Kernkonzepte
Incorporating ID embeddings into LLMs improves recommendation system performance.
Zusammenfassung
This article introduces RA-Rec, an efficient ID representation alignment framework for LLM-based recommendation systems. It proposes a new paradigm, ID representation, to address limitations in existing approaches. The framework includes hybrid prompt construction, representation alignment, and efficient tuning. Extensive experiments demonstrate the effectiveness of RA-Rec in outperforming state-of-the-art methods.
Abstract:
- Large language models (LLM) are powerful tools for natural language processing tasks.
- Current approaches in LLM-based recommendation systems have limitations.
- RA-Rec proposes a new paradigm, ID representation alignment, to improve recommendation knowledge and uniqueness.
Introduction:
- Recommendation systems reduce information overload and provide relevant content.
- Integrating LLMs into RS as LLM-based RS is effective in cold-start and cross-domain transfer settings.
Methodology:
- Hybrid prompt construction combines soft prompts from pre-trained ID representations with hard prompts.
- Representation alignment module bridges the gap between ID representations and LLMs.
Experimental Setup:
- Evaluation metrics include HitRate@K, NDCG@10, and MRR@10 on Amazon Books and Clothing datasets.
Results:
- RA-Rec outperforms baseline models across various evaluation metrics.
Compatibility Evaluation:
- RA-Rec shows compatibility with different transformer-based architectures and ID-based models.
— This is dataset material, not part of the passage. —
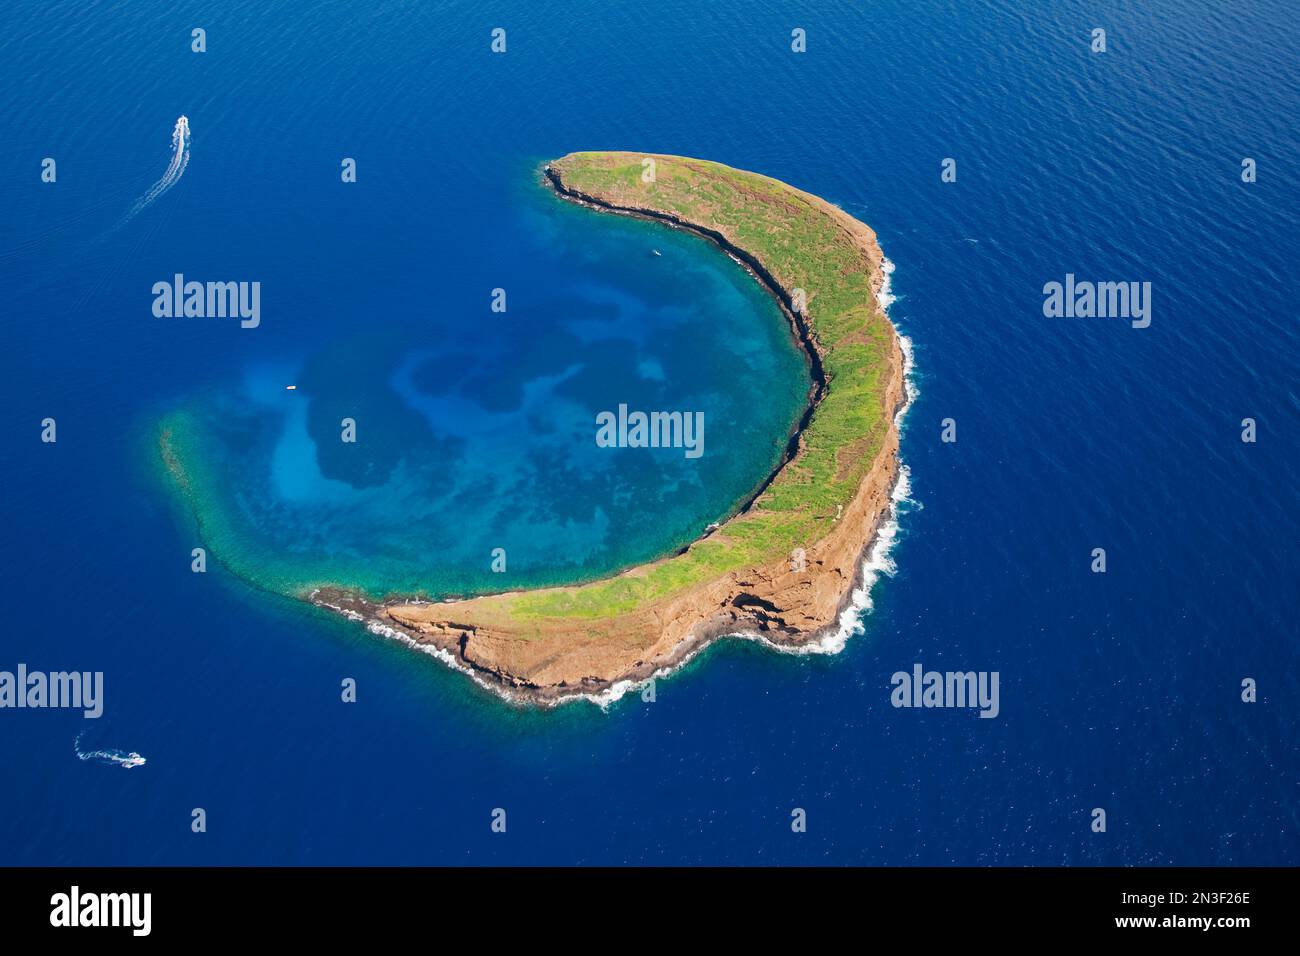 Veduta aerea del cratere Molokini e dell'isolotto, famoso luogo per lo snorkeling al largo della costa di Maui. Molokini è una riserva marina protetta dallo Stato di... Foto Stock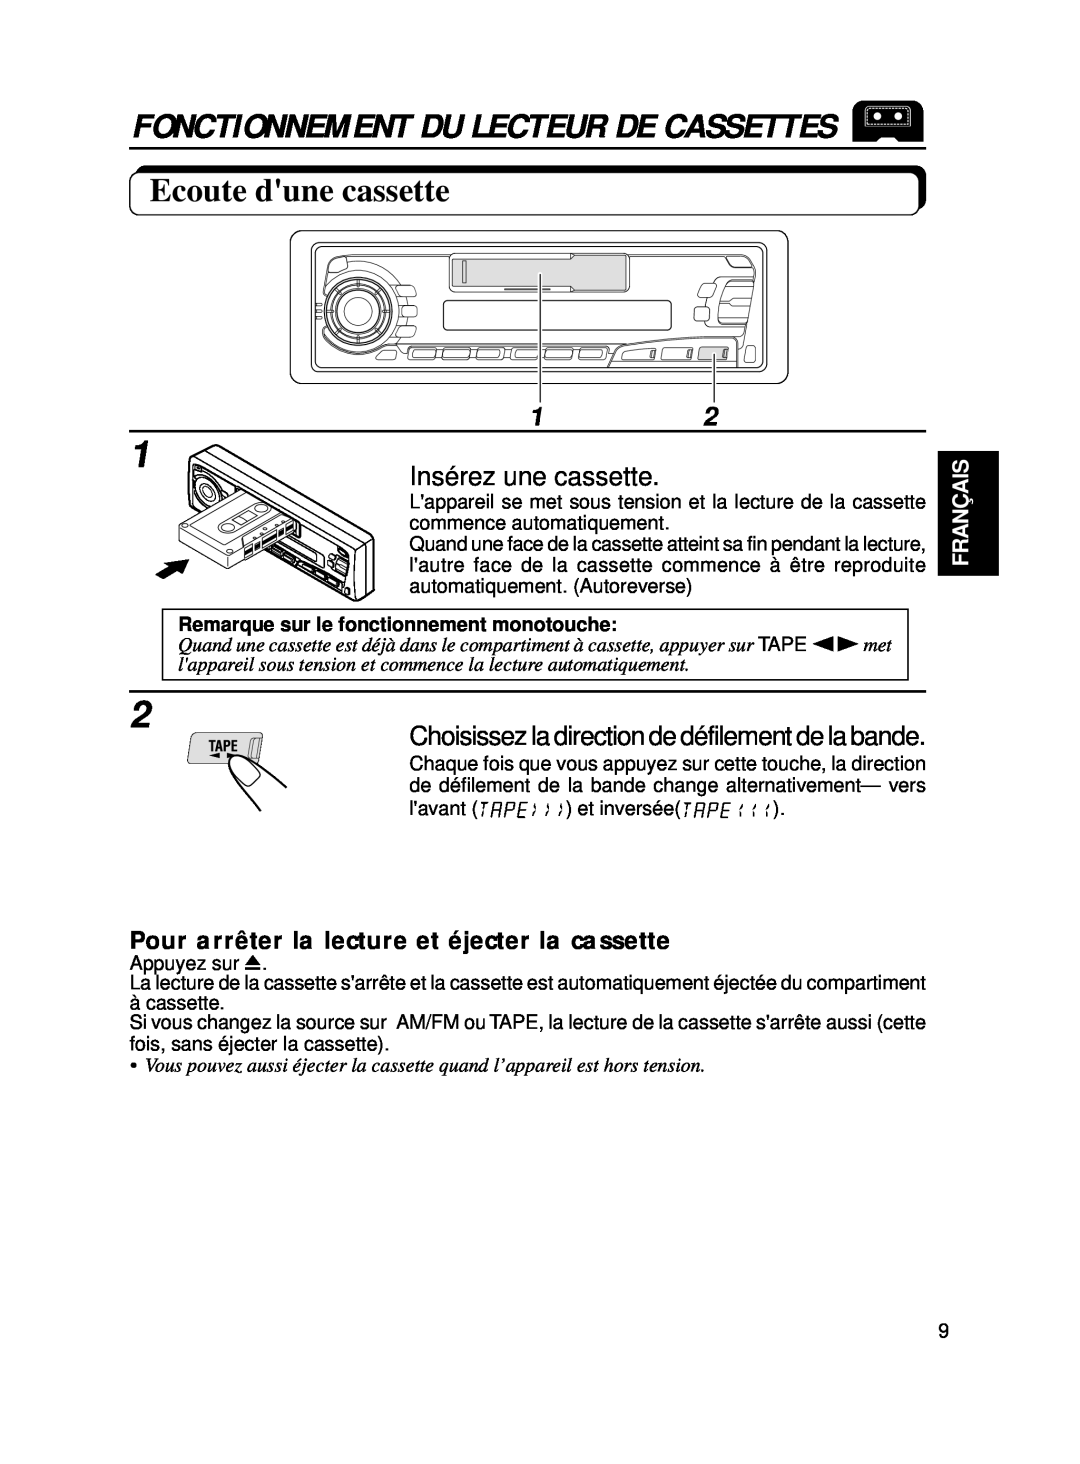 JVC KS-FX250 manual Ecoute dune cassette, Insérez une cassette, Choisissez la direction de défilement de la bande, Français

Effectiveness of Alignment Module:
- RA-Rec demonstrates superior performance compared to other alignment approaches.
Data Efficiency Study:
- Efficient data construction method improves data quality and leads to better alignment modeling.
Training Efficiency Comparison:
- RA-Rec achieves high performance with minimal computational resources compared to fine-tuning methods.
Statistiken
RA-rec significantly outperforms current state-of-the-art methods by achieving up to 3.0% absolute HitRate@100 improvements while utilizing less than 10× training data.
Zitate
"Integrating LLMs into RS as LLM-based RS is a valuable direction to explore."
"RA-rec demonstrates superior performance compared to other alignment approaches."